Appellant James Newman (husband) and appellee Judy Newman (wife) were married in May 2007. Just before their wedding, they executed a 20-page type-written prenuptial agreement to which they added a handwritten provision acknowledging “that there are certain ambiguities contained [within] the body of this document which each party agrees to clarify and re-write within 30 days of the date of execution hereof.” Wife filed for divorce in 2011. After a hearing, the trial court granted wife’s motion to enforce the prenuptial agreement and entered a judgment of divorce incorporating its terms. We granted husband’s application for discretionary appeal pursuant to Supreme Court Rule 34 (4), and for the reasons that follow, we affirm the judgment of the trial court.

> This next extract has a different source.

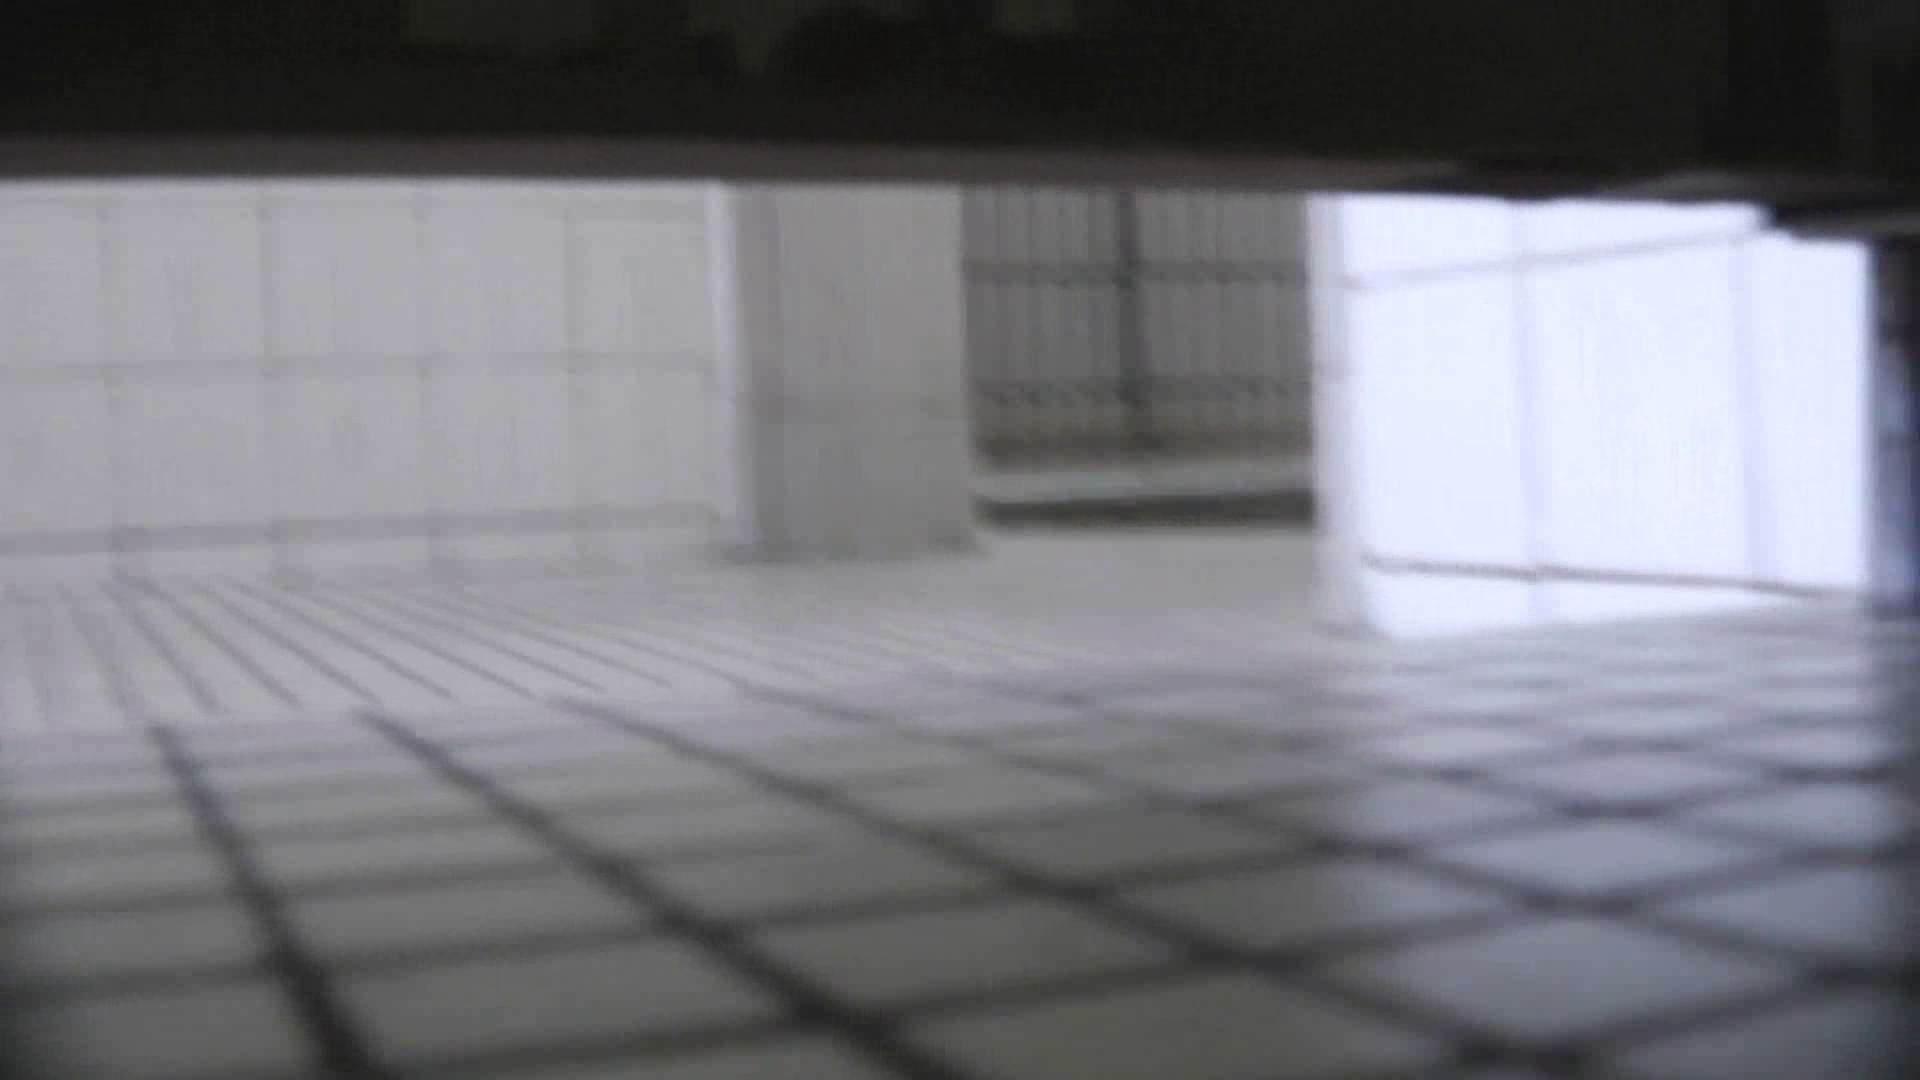 洗面所特攻隊 vol.002今回も鮮明です 洗面所 性交動画流出 109PIX 78

Husband contends the trial court erred by enforcing the prenuptial agreement because the addition of the handwritten language left *636the parties with an unenforceable “agreement to agree.” Kreimer v. Kreimer, 274 Ga. 359 (552 SE2d 826) (2001) (contract that fails to establish essential term and leaves settling of term to be agreed upon later is unenforceable); Bd. of Drainage Commrs. v. Karr & Moore, 157 Ga. 284, 299 (121 SE 298) (1924) (contract that leaves terms and conditions to future negotiations is of no effect). In essence, husband argues that any agreement the parties may have had was voided by the addition of the language indicating their belief that the agreement contained ambiguities and their intent to clarify such ambiguities.

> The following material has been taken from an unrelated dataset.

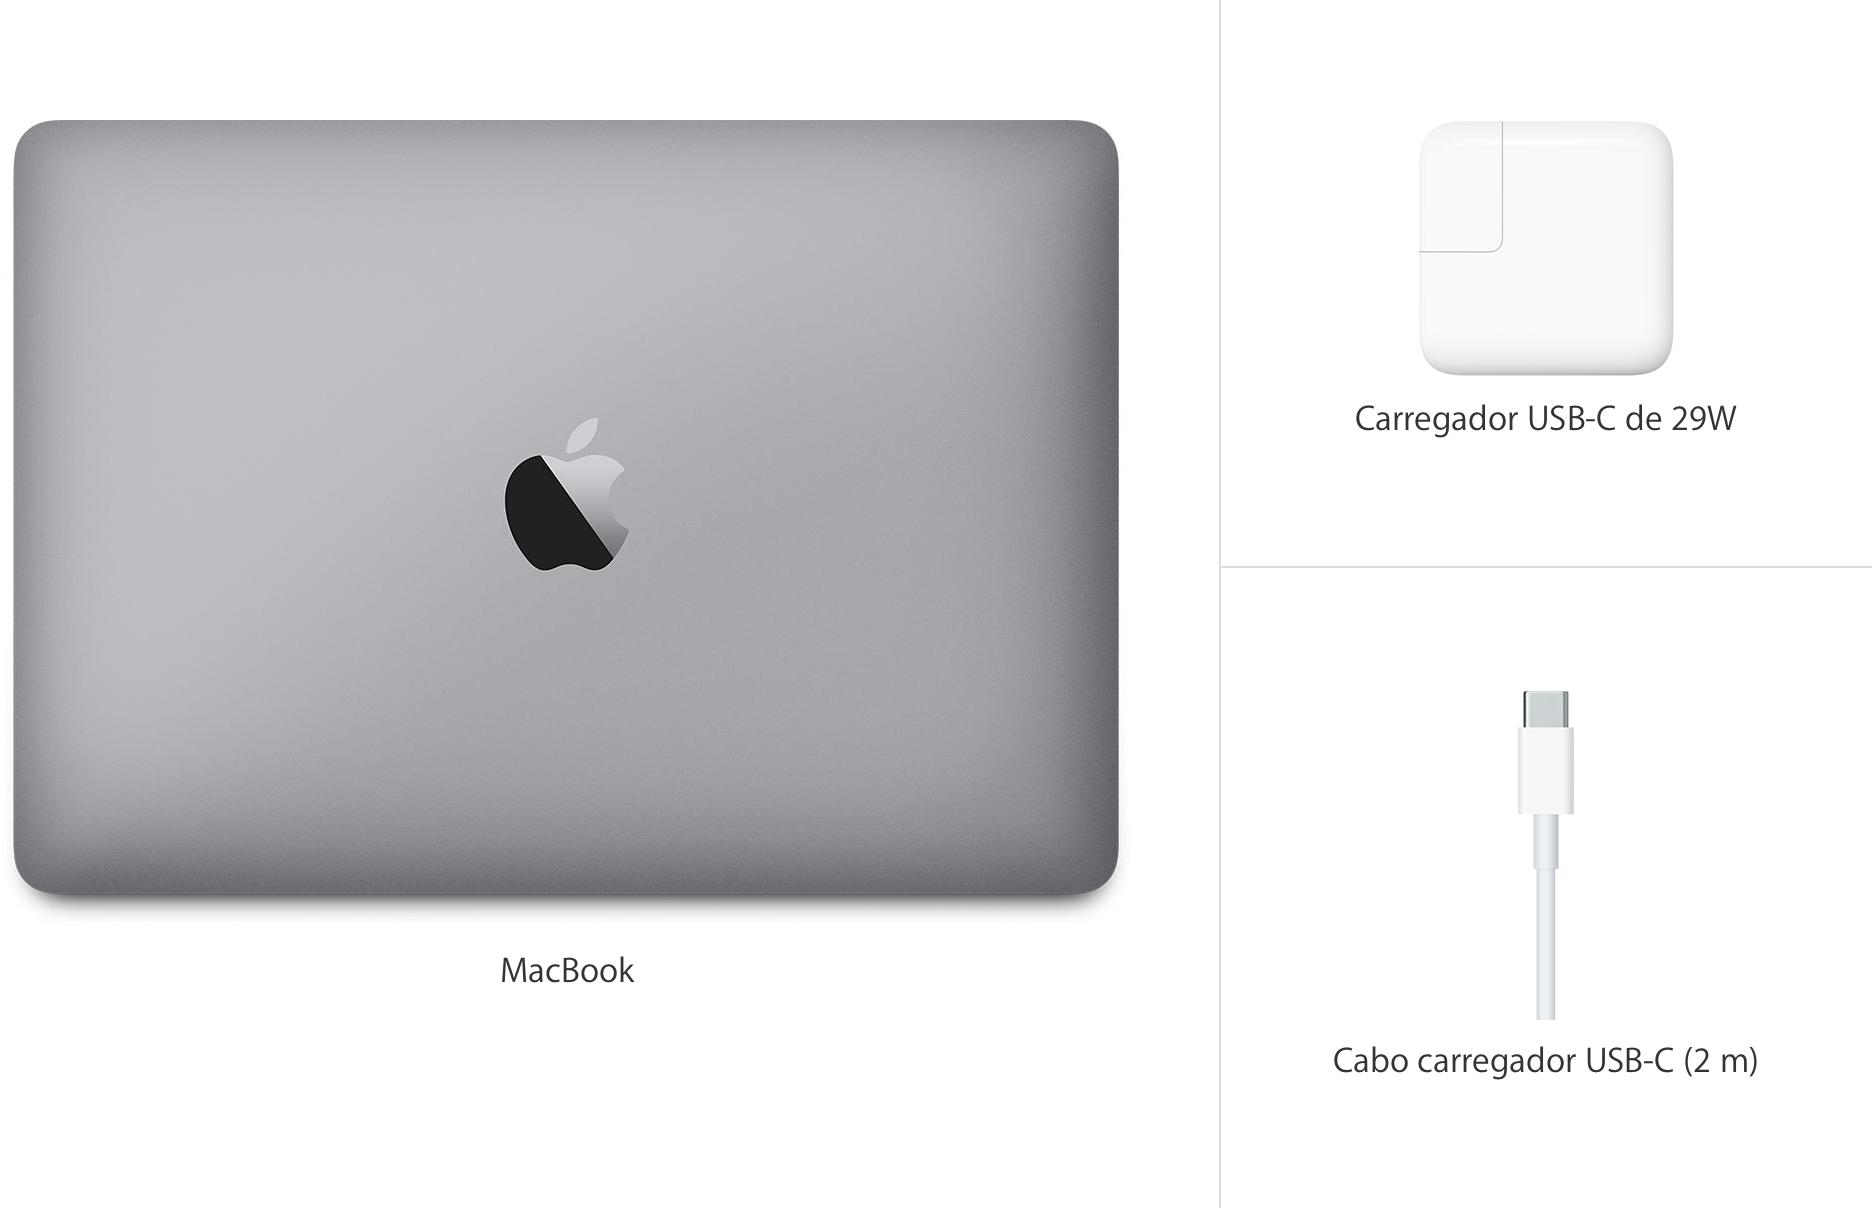 Acessórios do MacBook
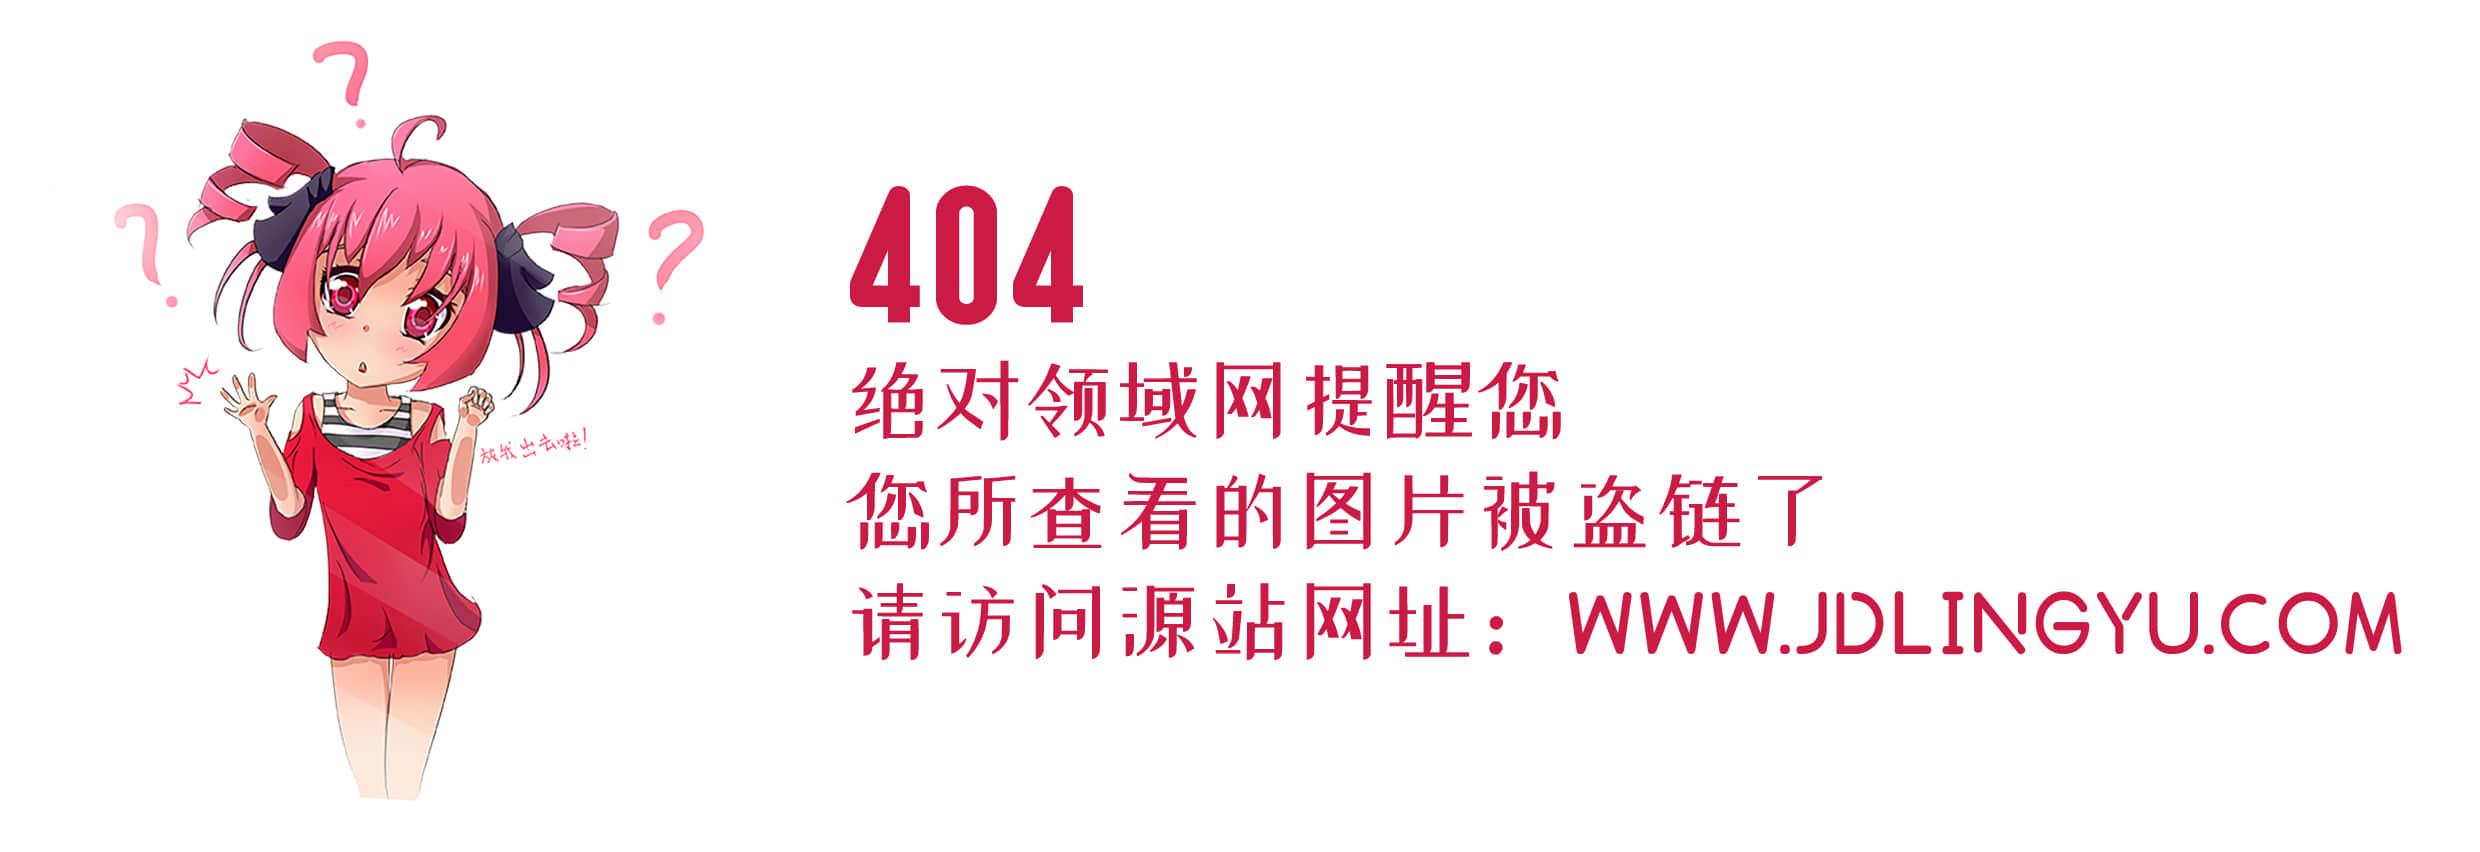 《兔女郎问世60年》COSPLAY业界燃起订制兔装风潮 兔女郎千变万化永远不会腻

While we agree with husband that a contract to enter into a contract in the future is of no legal effect, we do not agree that the agreement in this case constitutes such a contract. First, unlike the cases husband relies upon, nothing in the language of the agreement itself demonstrates it was incomplete or tentative at the time it was executed. Compare Bd. of Drainage Commrs. at 299 (finding unenforceable contract declaring it was a tentative contract and final contract would be executed after changes made); Hartrampf v. Citizens & Southern Realty Investors, 157 Ga. App. 879, 881 (278 SE2d 750) (1981) (agreement within a contract to negotiate for a second future loan rendered contract unenforceable); Becher v. Becher, 706 NYS2d 619 (N.Y. Sup. Ct. 2000) (agreement that more comprehensive antenuptial agreement will be discussed and drafted by agreed to attorney unenforceable). Moreover, husband has not identified any essential term left to future negotiation.1 Deferral of agreement on a nonessential term does not invalidate an otherwise valid contract. Goobich v. Waters, 283 Ga. App. 53, 56 (640 SE2d 606) (2006). See Kreimer, supra, 274 Ga. at 363 (2) (deferral of division of stock “by mutual agreement” at a future date did not render settlement unenforceable).

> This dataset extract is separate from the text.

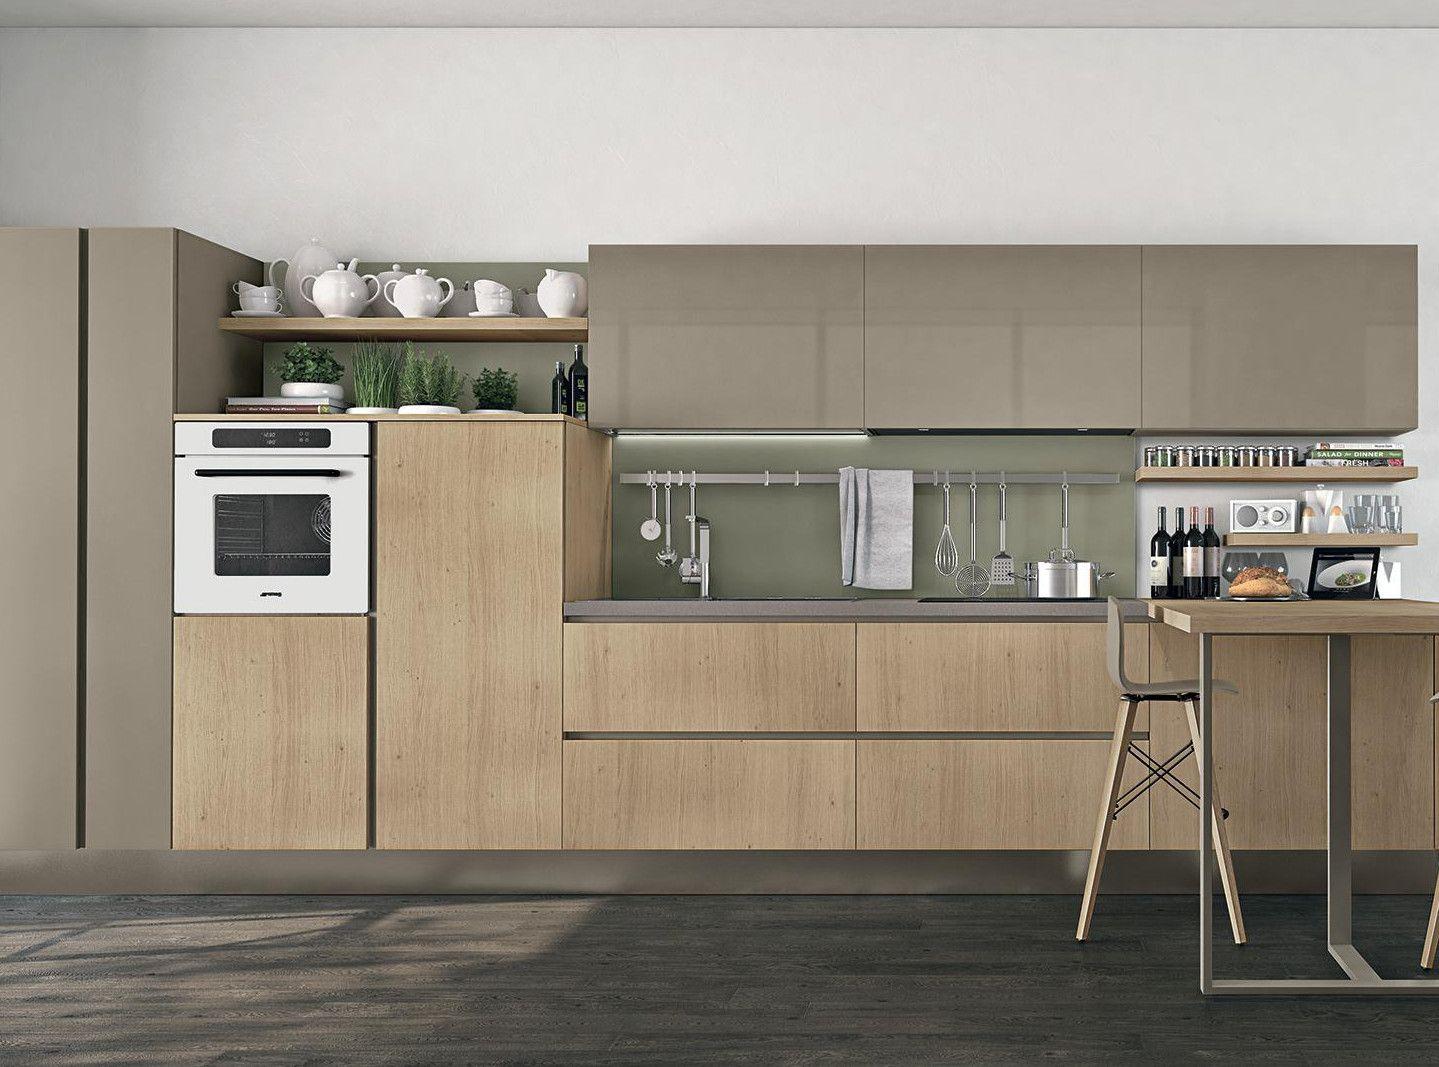 Una vasta scelta di cucine moderne da personalizzare secondo i

Second, the inclusion of a provision indicating the parties’ belief that the agreement contains ambiguities does not render the agreement an unenforceable agreement to agree. In fact, our review demonstrates the agreement between the parties contains all essential elements of an enforceable contract. See OCGA § 13-3-1 (“To constitute a valid contract, there must be parties able to contract, a consideration moving to the contract, the assent of the parties to the terms of the contract, and a subject matter upon which the contract can operate.”). The agreement was voluntarily executed after lengthy negotiations and consultation with independent counsel. It clearly *637and precisely identifies the parties’ intent to resolve all issues in the event their marriage ended in divorce, the legal rights each waived by entering into the agreement, the property rights of each should the marriage end in divorce, and the assets belonging to each prior to the marriage. The language of the agreement itself presents no lack of certainty which would render the entire agreement unenforceable. See Brack v. Brownlee, 246 Ga. 818, 821 (273 SE2d 390) (1980) (contract containing vague ancillary clause does not vitiate entire contract); Buckner v. Mallett, 245 Ga. 245, 247 (264 SE2d 182) (1980) (although specific contract provision may be unenforceable due to vagueness, vagueness in that provision does not vitiate entire contract). The parties’ belief that the contract contained “certain ambiguities” does not mean they did not intend to be bound by the essential terms to which they already agreed. See Russell v. City of Atlanta, 103 Ga. App. 365, 367 (119 SE2d 143) (1961) (“ ‘To be enforceable the minds of the contracting parties must be in such agreement on the subject matter upon which the contract purports to operate that either party might support an action thereon.’ [Cit.]”).
Decided October 1, 2012. Mayoue, Gray & Eittreim, Theodore S. Eittreim, for appellant. Kessler, Schwarz & Solomiany, Dennis G. Collard, for appellee.Because the language of the prenuptial agreement demonstrates the parties reached a complete agreement regarding the disposition of property in the event their marriage ended in divorce, we conclude the trial court did not err by granting wife’s motion to enforce the agreement and incorporating the agreement into the final divorce decree.
Judgment affirmed.
All the Justices concur.In fact, as noted by the trial court, husband has failed at every point in the litigation to identify any ambiguity in the agreement.